En  otro lugar, Alemania, diez mil personas se suicidan cada año; cincuenta por ciento de ellas ancianas, la mayor parte de los muertos son profesionales: médicos, maestros o farmacéuticos. Como reflejo del estado de abandono y soledad en que viven muchos, hay un disco que se vende con el título Nunca más solo, el cual se promueve como método innovador para acompañarlos, aunque tengan otras comodidades. El disco contiene sonidos que hacen sentir a quien lo oye que hay otras personas en su propio hogar, y en la portada aparece la cara de una muñeca adulta. Entre los temas se encuentran "El refrigerador está lleno otra vez", "Darle una hojeada al periódico", "Secarse el pelo con la secadora", "Hora de lavar los trastes", "Cualquiera tiene que ir al baño", "Freírse un bistec", "Darse un baño", y "Planchar una camisa".

En México la noticia sobre los setenta y dos migrantes centroamericanos asesinados en el norte del país es el relato extremo del pasaje de terror de los trashumantes hacia Estados Unidos; miles de narraciones de abuso, extorsión, esclavitud se agolpan en la abigarrada agenda de los medios de comunicación que ha normalizado el horror en su repetición incesante.  Como en la mayoría de megalópolis  del mundo,  en su ciudad capital cientos de indigentes, ancianos abandonados y niños en la calle trabajando como payasitos, tragafuegos, casi todos bajo los efectos de una droga barata, pueblan los círculos dantescos de las metrópolis contemporáneas.

Tales experiencias nos acosan cada amanecer en distintas regiones del planeta y reflejan algunas de las múltiples aristas que predominan en el siglo que comienza: la indigencia material y espiritual que, con sus máscaras y representaciones de muerte y destrucción, llevan a millones de personas a padecer migraciones en condición de miseria extrema; a ser víctimas  de la trata de personas, de violaciones, secuestros y asesinatos. Una indigencia desconsoladora que convierte al mundo en un hervidero de narraciones cotidianas basadas en la desmesura, en lo impensable, en lo insostenible, lo que no puede simbolizarse porque, como escribe Julia Kristeva, pertenecen al poder de una realidad exorbitante, infame.

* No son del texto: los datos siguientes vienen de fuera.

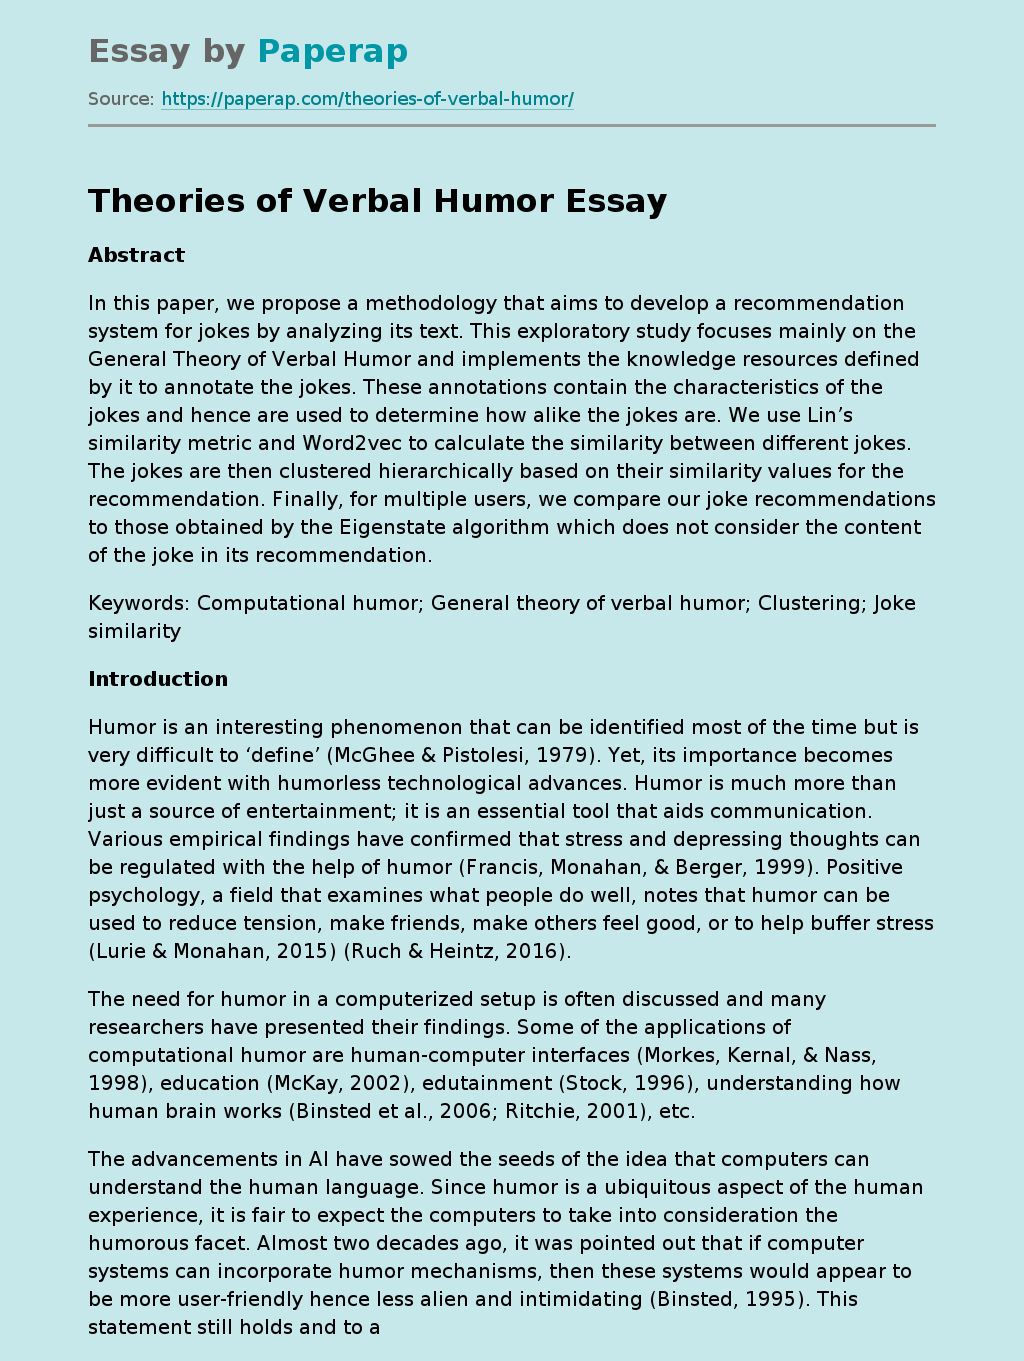 Theories of Verbal Humor

Realidad exorbitante  que rebasa con mucho nuestra capacidad de nombrar el mundo, de darle un nombre a la experiencia compartida e individual. La indigencia, que no es sólo material, sino ética, se revela así como oquedad, como ausencia de identidad, de poderse nombrar, de contarse un pasado, de una memoria y proyectarse un futuro, de un hacia dónde ir. Condición que nos coloca trágicamente en un presente sin fondo ni sustancia, efímero y resbaladizo, sin fuerzas que provengan de un pasado y nos ayuden a pensarnos en un futuro donde se abra el espacio para preguntarnos ¿no quieres volver a probar el sabor de la cereza?, como nos pregunta el cineasta iraní Abbas Kiarostami?

La soledad gestada y derivada del esfuerzo para alcanzar la autorrealización en el auge del individualismo ha conducido a un vacío desolador y a una depresión colectiva que imposibilitan la ejecución de la vida; un vacío y hundimiento que nos llevan personalmente y  como sociedad a la «fatiga de ser uno mismo»;   esa permanencia de las mil y una noches consigo mismo que en la demandante actividad y ansia de intensidad nos deja exhaustos,  y ante la cual no queda más que fluctuar  «entre una autenticidad simulada o la fuga hacia la enfermedad depresiva, entre la originalidad orquestada por motivos estratégicos y el enmudecimiento enfermizo», denuncia Axel Honnet.  Condiciones tan desesperanzadoras se alimentan de la paulatina extinción y fragmentación de los canales de reconocimiento tradicionales, de la carencia de un empleo estable con derecho a la jubilación, de la falta de espacios recreativos colectivos accesibles permanentes, de tejido social que pueda darnos soporte y abrigo. Prevalecen los empleos temporales, desterritorializados, que implican no contar con un domicilio estable y la  imposibilidad de familia y amistades duraderas que, por lo mismo, corren la misma suerte.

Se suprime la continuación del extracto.